Zudem die thermischen Bedingungen auf dem Stelzenweg auch durch die sich bildende Windschneise herausfordernd werden dürften. Man muss sich nur an einem halbwegs windigen Tag vor das Haarer Hochhaus stellen um einen Eindruck davon zu bekommen. An Radfahren denkt hier wohl kaum jemand.
Selbst wenn der Wind nicht weht: Wir befinden uns überhalb der meist befahrenen Straße Haars! Es gibt sicher bessere Ort um sich körperlich betätigen als in den aufsteigenden Abgasen.
Viele dieser Punkte kann man hinterfragen und genauer untersuchen, wie die Grünen in ihrem Fragenkatalog fordern. Für uns sind die Antworten vorhersehbar.
Ein Punkt wird leider vom Rest des Gremiums wieder mal außer Acht gelassen, obwohl Haar in der Vergangenheit in Planerkreisen dafür bekannt war, diesen Ruf aber langsam verliert: der Städtebau. Viele Haarer*innen empfinden die B304 schon jetzt als eine Schneise, die Haar trennt. Dieses Empfinden würde mit einem Projekt dieser Art manifestiert werden! Man hätte eine optische Barriere durch die Gemeinde! Zudem auch die nicht sonderlich attraktiven Rampenwerke entscheidend in das Erscheinungsbildes unseres Ortes eingreifen würden! Diese könnten übrigens aus Platzgründen nur an bestimmten Stellen installiert werden, was dazu führt, dass der Radfahrer wieder dazu gezwungen ist, Stecke ebenerdig an der B304 zurückzulegen.

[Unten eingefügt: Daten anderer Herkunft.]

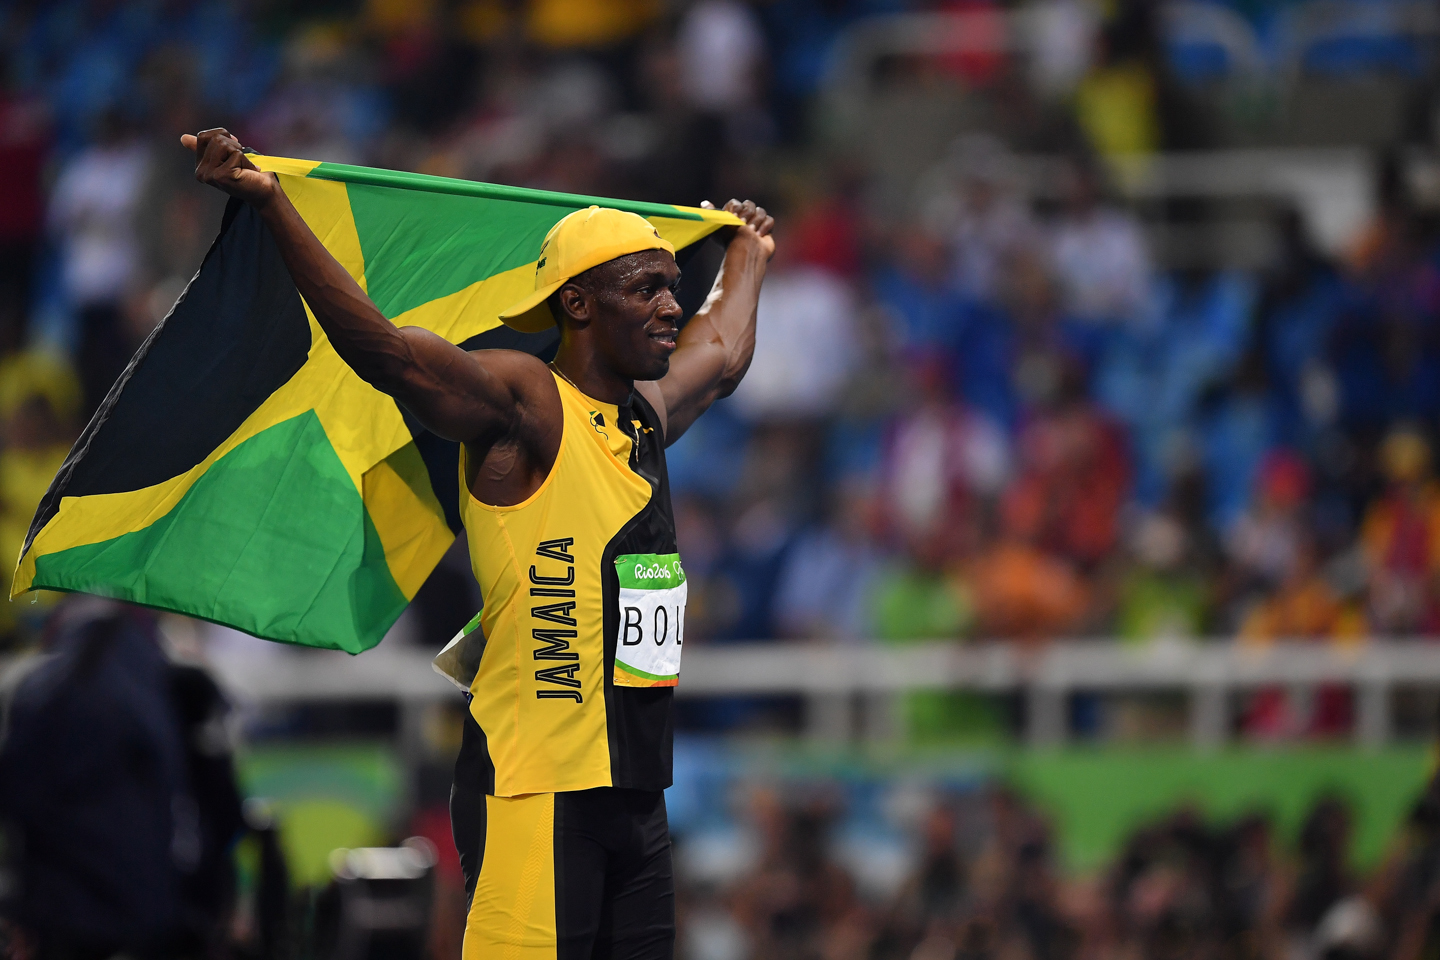 JO, RIO DE JANEIRO, BRÉSIL - 14 AOÛT :  Usain Bolt après avoir gagné l'épreuve du 100 mètres masculin dans le stade olympique. © (Photo by Pascal Le Segretain/Getty Images)

Bei allen Fördergeldern der Welt können wir das Projekt daher nicht gutheißen. Zudem ja auch Fördergelder Steuermittel sind, die es verantwortungsbewusst einzusetzen gilt.
Wie uns von verschiedenen Planer*innen und Expert*innen der Stadt München, mit denen wir gesprochen haben, gesagt wurde: Aufgeständerte Fahrradwege sind dazu da, physische Hindernisse zu überwinden, nicht weite Strecken. Hier gibt es in Haar eine gute Alternative für einen Radschnellweg, der genau dieses Problem hat: Der entlang der Bahn, den die Gemeinde Haar schon seit vielen Jahren verfolgt. Hier wäre eine Prüfung der beschriebenen Technologie sinnvoll um zum Beispiel die Bahnunterführungen überwinden zu können.

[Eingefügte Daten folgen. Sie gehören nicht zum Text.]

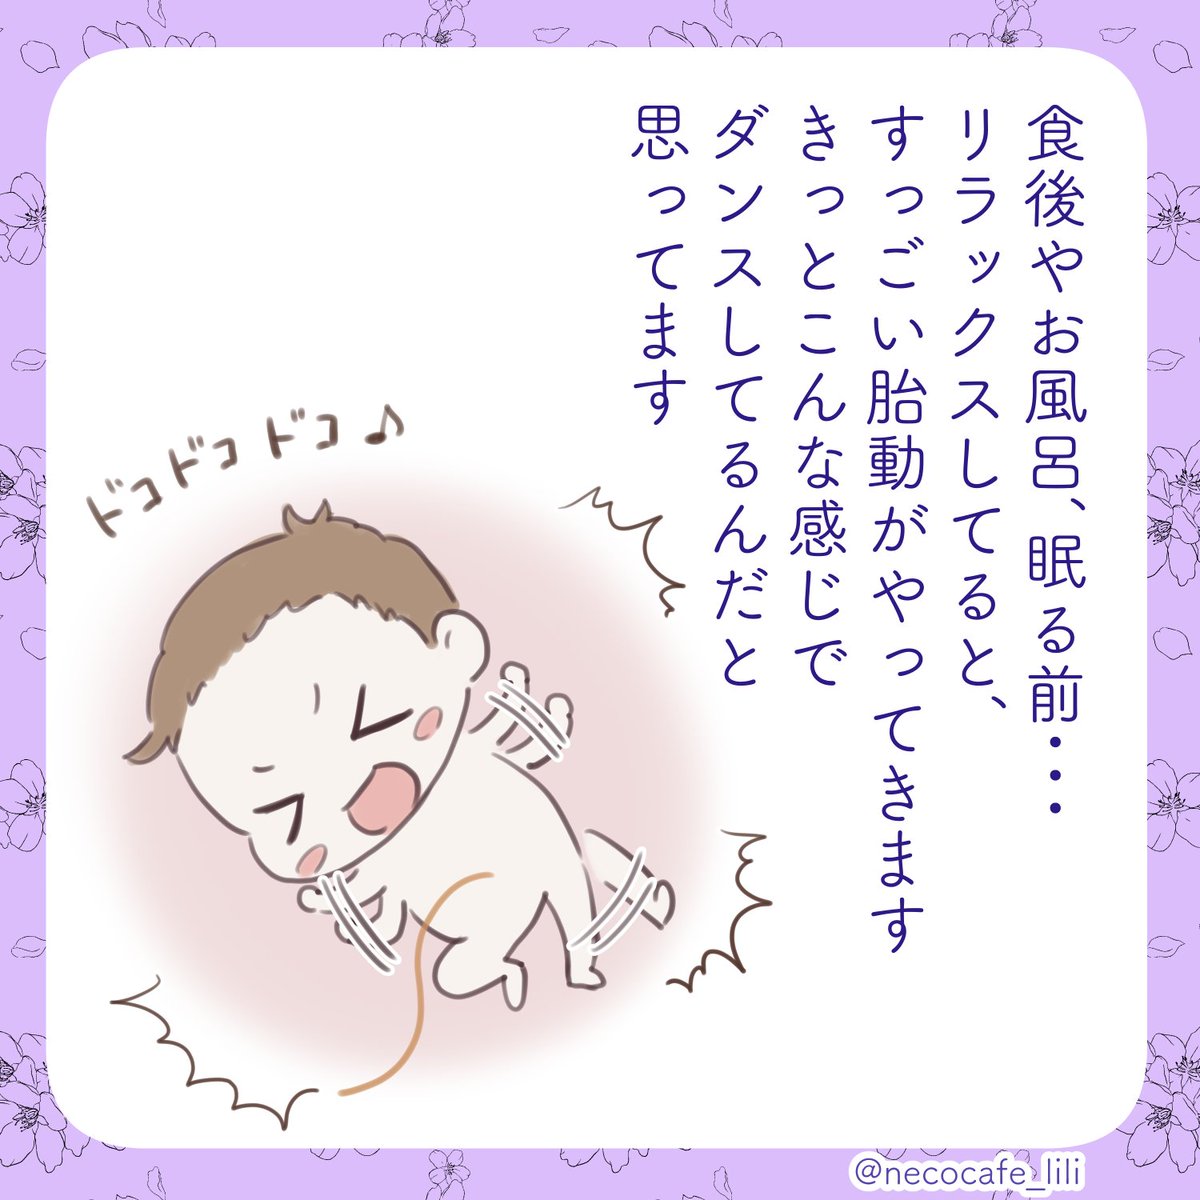 妊娠日記(2/4)
#育児漫画 #エッセイ漫画

Sowohl die Verwaltung als auch wir Gemeinderäte haben nur noch geringe Kapazitäten für weitere Projekte und Arbeitskreise über. Wir sollten sie auf die wirklich sinnvollen wie den Radweg entlang der Bahn konzentrieren.

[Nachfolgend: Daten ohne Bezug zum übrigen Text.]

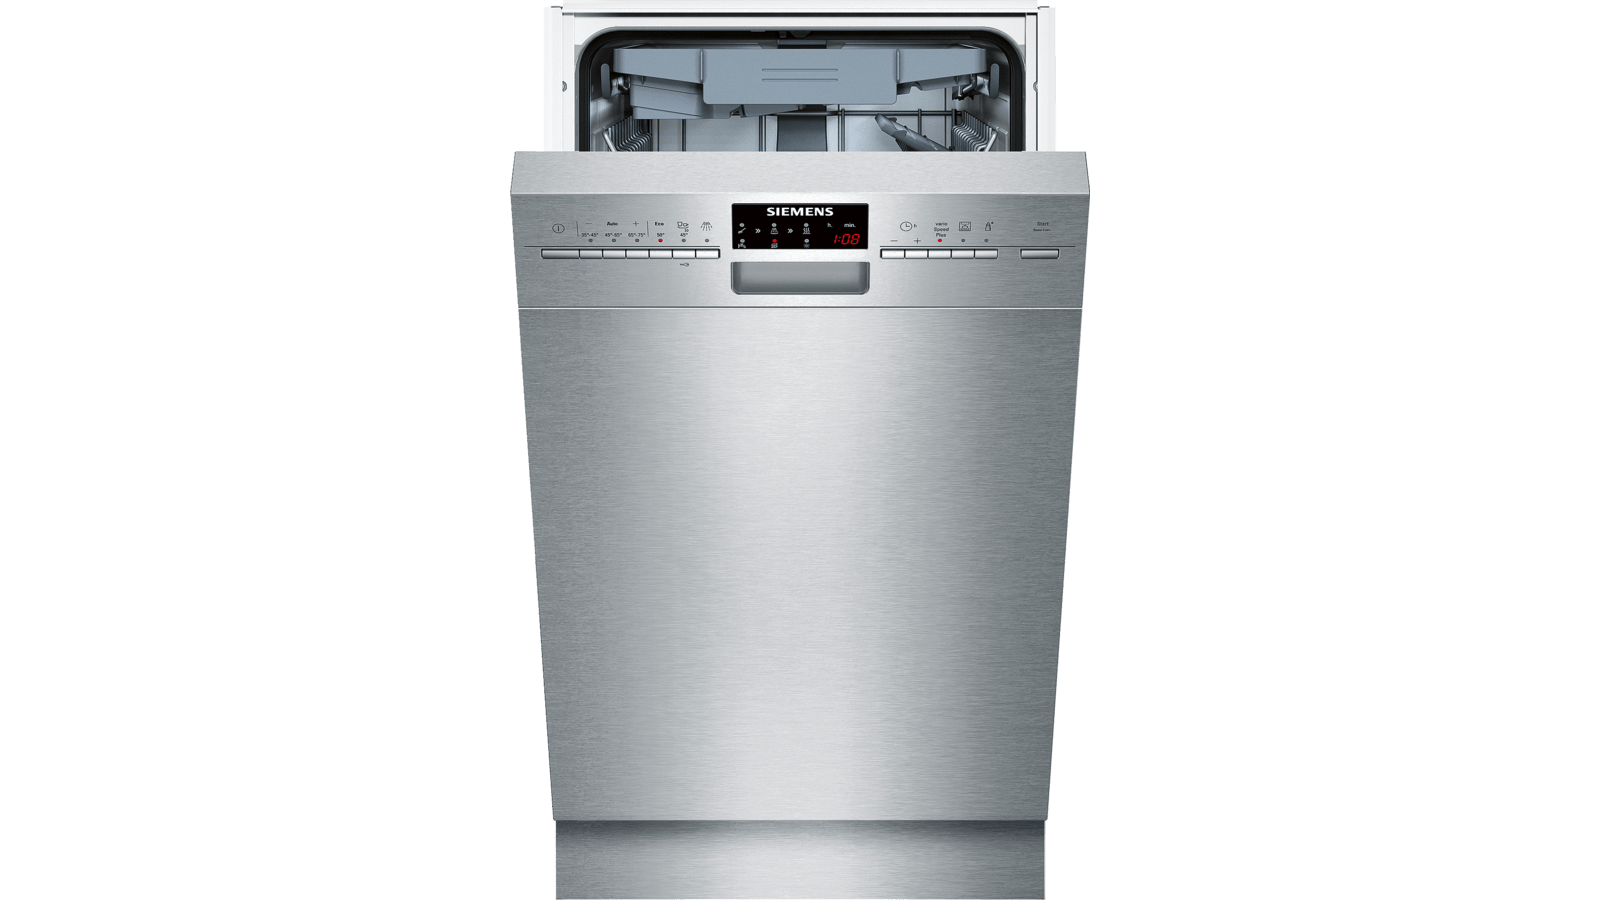 Посудомоечная машина Siemens SR 256i00 te. Siemens iq500 посудомоечная машина. Посудомойка Сименс Электролюкс. Посудомойка Siemens SR 25226/06. Посудомоечная машина рейтинг цена качество 60

Und wenn es wirklich eine Vision braucht, die wir in Haar verfolgen wollen, sollten wir die aufgreifen, die schon lange in unserer Gemeinde kursiert, aber vermutlich leider ähnlich unrealistisch ist wie der Stelzenweg: Eine Untertunnelung der B304. Wenn der Autoverkehr in den Untergrund wandert, hätte Haar eine innerörtliche, verbindende Parkanlage, die viel Platz für Fußgänger und Radfahrer bietet.